#### TASK ITEM
An exact reprint of the data below is required, line for line.

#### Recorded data

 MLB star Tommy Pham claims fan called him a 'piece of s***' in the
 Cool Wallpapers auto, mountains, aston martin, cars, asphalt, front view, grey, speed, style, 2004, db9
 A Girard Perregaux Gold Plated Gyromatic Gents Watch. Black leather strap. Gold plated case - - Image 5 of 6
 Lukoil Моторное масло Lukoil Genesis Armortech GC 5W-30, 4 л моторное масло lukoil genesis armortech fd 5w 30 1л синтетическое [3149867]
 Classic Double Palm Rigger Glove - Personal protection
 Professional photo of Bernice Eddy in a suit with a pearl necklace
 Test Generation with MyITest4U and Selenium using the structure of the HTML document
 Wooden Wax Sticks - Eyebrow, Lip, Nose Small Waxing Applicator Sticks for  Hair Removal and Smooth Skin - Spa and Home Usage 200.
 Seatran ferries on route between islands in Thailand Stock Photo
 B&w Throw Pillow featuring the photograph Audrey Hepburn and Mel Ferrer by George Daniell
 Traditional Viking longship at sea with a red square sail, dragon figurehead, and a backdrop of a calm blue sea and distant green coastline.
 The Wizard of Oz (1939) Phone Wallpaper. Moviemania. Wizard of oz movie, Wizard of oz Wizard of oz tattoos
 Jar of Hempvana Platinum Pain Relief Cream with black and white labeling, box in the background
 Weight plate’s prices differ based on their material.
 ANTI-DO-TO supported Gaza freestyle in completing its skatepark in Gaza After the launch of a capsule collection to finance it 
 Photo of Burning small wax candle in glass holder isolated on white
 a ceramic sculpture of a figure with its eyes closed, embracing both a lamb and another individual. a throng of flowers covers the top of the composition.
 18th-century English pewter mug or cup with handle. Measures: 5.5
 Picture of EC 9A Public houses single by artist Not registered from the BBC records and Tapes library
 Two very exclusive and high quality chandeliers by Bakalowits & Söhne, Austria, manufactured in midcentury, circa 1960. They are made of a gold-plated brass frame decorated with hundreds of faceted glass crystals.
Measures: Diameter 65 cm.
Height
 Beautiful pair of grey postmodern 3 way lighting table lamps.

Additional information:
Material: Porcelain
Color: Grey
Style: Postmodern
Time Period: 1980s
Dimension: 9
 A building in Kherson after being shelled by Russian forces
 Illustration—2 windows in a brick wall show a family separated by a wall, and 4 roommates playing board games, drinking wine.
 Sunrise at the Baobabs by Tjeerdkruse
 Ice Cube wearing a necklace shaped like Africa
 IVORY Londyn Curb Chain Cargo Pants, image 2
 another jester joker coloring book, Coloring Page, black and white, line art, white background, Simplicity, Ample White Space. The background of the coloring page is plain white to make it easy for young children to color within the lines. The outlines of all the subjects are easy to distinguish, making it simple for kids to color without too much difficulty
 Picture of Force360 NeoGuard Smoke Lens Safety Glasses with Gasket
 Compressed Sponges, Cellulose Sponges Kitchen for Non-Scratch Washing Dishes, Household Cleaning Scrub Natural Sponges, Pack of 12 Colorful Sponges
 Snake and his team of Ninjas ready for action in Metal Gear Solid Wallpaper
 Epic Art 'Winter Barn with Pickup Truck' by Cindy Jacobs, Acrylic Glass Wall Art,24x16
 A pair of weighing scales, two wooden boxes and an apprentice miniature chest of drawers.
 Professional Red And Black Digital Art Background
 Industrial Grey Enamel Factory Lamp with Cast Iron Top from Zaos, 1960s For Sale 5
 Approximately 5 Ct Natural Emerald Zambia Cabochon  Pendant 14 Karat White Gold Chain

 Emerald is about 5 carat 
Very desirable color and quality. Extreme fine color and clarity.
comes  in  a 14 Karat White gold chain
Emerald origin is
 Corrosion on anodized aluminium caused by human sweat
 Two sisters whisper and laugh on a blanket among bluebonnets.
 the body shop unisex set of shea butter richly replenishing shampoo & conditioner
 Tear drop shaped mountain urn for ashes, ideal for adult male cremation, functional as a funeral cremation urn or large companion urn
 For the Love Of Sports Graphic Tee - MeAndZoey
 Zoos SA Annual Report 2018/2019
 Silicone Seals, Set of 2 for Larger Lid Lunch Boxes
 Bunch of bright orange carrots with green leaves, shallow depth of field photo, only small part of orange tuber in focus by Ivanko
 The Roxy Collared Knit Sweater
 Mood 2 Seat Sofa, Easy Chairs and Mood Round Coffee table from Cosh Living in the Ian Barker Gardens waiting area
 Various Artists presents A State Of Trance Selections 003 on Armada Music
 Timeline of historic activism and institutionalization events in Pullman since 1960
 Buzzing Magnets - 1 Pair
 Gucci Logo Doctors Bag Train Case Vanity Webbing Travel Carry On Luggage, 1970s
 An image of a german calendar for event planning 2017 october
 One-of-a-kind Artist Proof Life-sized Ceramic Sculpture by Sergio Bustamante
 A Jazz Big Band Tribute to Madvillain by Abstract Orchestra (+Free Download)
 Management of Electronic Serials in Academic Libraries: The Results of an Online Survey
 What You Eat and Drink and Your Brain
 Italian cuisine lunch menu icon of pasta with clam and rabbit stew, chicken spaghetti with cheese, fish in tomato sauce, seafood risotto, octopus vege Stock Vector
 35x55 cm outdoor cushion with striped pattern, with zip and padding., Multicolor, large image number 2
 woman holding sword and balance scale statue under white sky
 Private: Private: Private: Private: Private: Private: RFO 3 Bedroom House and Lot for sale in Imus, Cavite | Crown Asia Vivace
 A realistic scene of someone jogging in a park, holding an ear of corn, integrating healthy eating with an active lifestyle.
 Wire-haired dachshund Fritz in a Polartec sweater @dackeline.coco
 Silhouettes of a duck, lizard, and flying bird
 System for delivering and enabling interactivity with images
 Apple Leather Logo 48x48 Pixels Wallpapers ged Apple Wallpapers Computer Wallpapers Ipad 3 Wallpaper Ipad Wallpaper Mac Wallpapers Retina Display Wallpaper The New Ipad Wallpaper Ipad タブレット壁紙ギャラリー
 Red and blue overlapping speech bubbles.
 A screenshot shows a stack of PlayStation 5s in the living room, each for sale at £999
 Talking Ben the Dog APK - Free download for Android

#### ANSWER BOX
 MLB star Tommy Pham claims fan called him a 'piece of s***' in the
 Cool Wallpapers auto, mountains, aston martin, cars, asphalt, front view, grey, speed, style, 2004, db9
 A Girard Perregaux Gold Plated Gyromatic Gents Watch. Black leather strap. Gold plated case - - Image 5 of 6
 Lukoil Моторное масло Lukoil Genesis Armortech GC 5W-30, 4 л моторное масло lukoil genesis armortech fd 5w 30 1л синтетическое [3149867]
 Classic Double Palm Rigger Glove - Personal protection
 Professional photo of Bernice Eddy in a suit with a pearl necklace
 Test Generation with MyITest4U and Selenium using the structure of the HTML document
 Wooden Wax Sticks - Eyebrow, Lip, Nose Small Waxing Applicator Sticks for  Hair Removal and Smooth Skin - Spa and Home Usage 200.
 Seatran ferries on route between islands in Thailand Stock Photo
 B&w Throw Pillow featuring the photograph Audrey Hepburn and Mel Ferrer by George Daniell
 Traditional Viking longship at sea with a red square sail, dragon figurehead, and a backdrop of a calm blue sea and distant green coastline.
 The Wizard of Oz (1939) Phone Wallpaper. Moviemania. Wizard of oz movie, Wizard of oz Wizard of oz tattoos
 Jar of Hempvana Platinum Pain Relief Cream with black and white labeling, box in the background
 Weight plate’s prices differ based on their material.
 ANTI-DO-TO supported Gaza freestyle in completing its skatepark in Gaza After the launch of a capsule collection to finance it 
 Photo of Burning small wax candle in glass holder isolated on white
 a ceramic sculpture of a figure with its eyes closed, embracing both a lamb and another individual. a throng of flowers covers the top of the composition.
 18th-century English pewter mug or cup with handle. Measures: 5.5
 Picture of EC 9A Public houses single by artist Not registered from the BBC records and Tapes library
 Two very exclusive and high quality chandeliers by Bakalowits & Söhne, Austria, manufactured in midcentury, circa 1960. They are made of a gold-plated brass frame decorated with hundreds of faceted glass crystals.
Measures: Diameter 65 cm.
Height
 Beautiful pair of grey postmodern 3 way lighting table lamps.

Additional information:
Material: Porcelain
Color: Grey
Style: Postmodern
Time Period: 1980s
Dimension: 9
 A building in Kherson after being shelled by Russian forces
 Illustration—2 windows in a brick wall show a family separated by a wall, and 4 roommates playing board games, drinking wine.
 Sunrise at the Baobabs by Tjeerdkruse
 Ice Cube wearing a necklace shaped like Africa
 IVORY Londyn Curb Chain Cargo Pants, image 2
 another jester joker coloring book, Coloring Page, black and white, line art, white background, Simplicity, Ample White Space. The background of the coloring page is plain white to make it easy for young children to color within the lines. The outlines of all the subjects are easy to distinguish, making it simple for kids to color without too much difficulty
 Picture of Force360 NeoGuard Smoke Lens Safety Glasses with Gasket
 Compressed Sponges, Cellulose Sponges Kitchen for Non-Scratch Washing Dishes, Household Cleaning Scrub Natural Sponges, Pack of 12 Colorful Sponges
 Snake and his team of Ninjas ready for action in Metal Gear Solid Wallpaper
 Epic Art 'Winter Barn with Pickup Truck' by Cindy Jacobs, Acrylic Glass Wall Art,24x16
 A pair of weighing scales, two wooden boxes and an apprentice miniature chest of drawers.
 Professional Red And Black Digital Art Background
 Industrial Grey Enamel Factory Lamp with Cast Iron Top from Zaos, 1960s For Sale 5
 Approximately 5 Ct Natural Emerald Zambia Cabochon  Pendant 14 Karat White Gold Chain

 Emerald is about 5 carat 
Very desirable color and quality. Extreme fine color and clarity.
comes  in  a 14 Karat White gold chain
Emerald origin is
 Corrosion on anodized aluminium caused by human sweat
 Two sisters whisper and laugh on a blanket among bluebonnets.
 the body shop unisex set of shea butter richly replenishing shampoo & conditioner
 Tear drop shaped mountain urn for ashes, ideal for adult male cremation, functional as a funeral cremation urn or large companion urn
 For the Love Of Sports Graphic Tee - MeAndZoey
 Zoos SA Annual Report 2018/2019
 Silicone Seals, Set of 2 for Larger Lid Lunch Boxes
 Bunch of bright orange carrots with green leaves, shallow depth of field photo, only small part of orange tuber in focus by Ivanko
 The Roxy Collared Knit Sweater
 Mood 2 Seat Sofa, Easy Chairs and Mood Round Coffee table from Cosh Living in the Ian Barker Gardens waiting area
 Various Artists presents A State Of Trance Selections 003 on Armada Music
 Timeline of historic activism and institutionalization events in Pullman since 1960
 Buzzing Magnets - 1 Pair
 Gucci Logo Doctors Bag Train Case Vanity Webbing Travel Carry On Luggage, 1970s
 An image of a german calendar for event planning 2017 october
 One-of-a-kind Artist Proof Life-sized Ceramic Sculpture by Sergio Bustamante
 A Jazz Big Band Tribute to Madvillain by Abstract Orchestra (+Free Download)
 Management of Electronic Serials in Academic Libraries: The Results of an Online Survey
 What You Eat and Drink and Your Brain
 Italian cuisine lunch menu icon of pasta with clam and rabbit stew, chicken spaghetti with cheese, fish in tomato sauce, seafood risotto, octopus vege Stock Vector
 35x55 cm outdoor cushion with striped pattern, with zip and padding., Multicolor, large image number 2
 woman holding sword and balance scale statue under white sky
 Private: Private: Private: Private: Private: Private: RFO 3 Bedroom House and Lot for sale in Imus, Cavite | Crown Asia Vivace
 A realistic scene of someone jogging in a park, holding an ear of corn, integrating healthy eating with an active lifestyle.
 Wire-haired dachshund Fritz in a Polartec sweater @dackeline.coco
 Silhouettes of a duck, lizard, and flying bird
 System for delivering and enabling interactivity with images
 Apple Leather Logo 48x48 Pixels Wallpapers ged Apple Wallpapers Computer Wallpapers Ipad 3 Wallpaper Ipad Wallpaper Mac Wallpapers Retina Display Wallpaper The New Ipad Wallpaper Ipad タブレット壁紙ギャラリー
 Red and blue overlapping speech bubbles.
 A screenshot shows a stack of PlayStation 5s in the living room, each for sale at £999
 Talking Ben the Dog APK - Free download for Android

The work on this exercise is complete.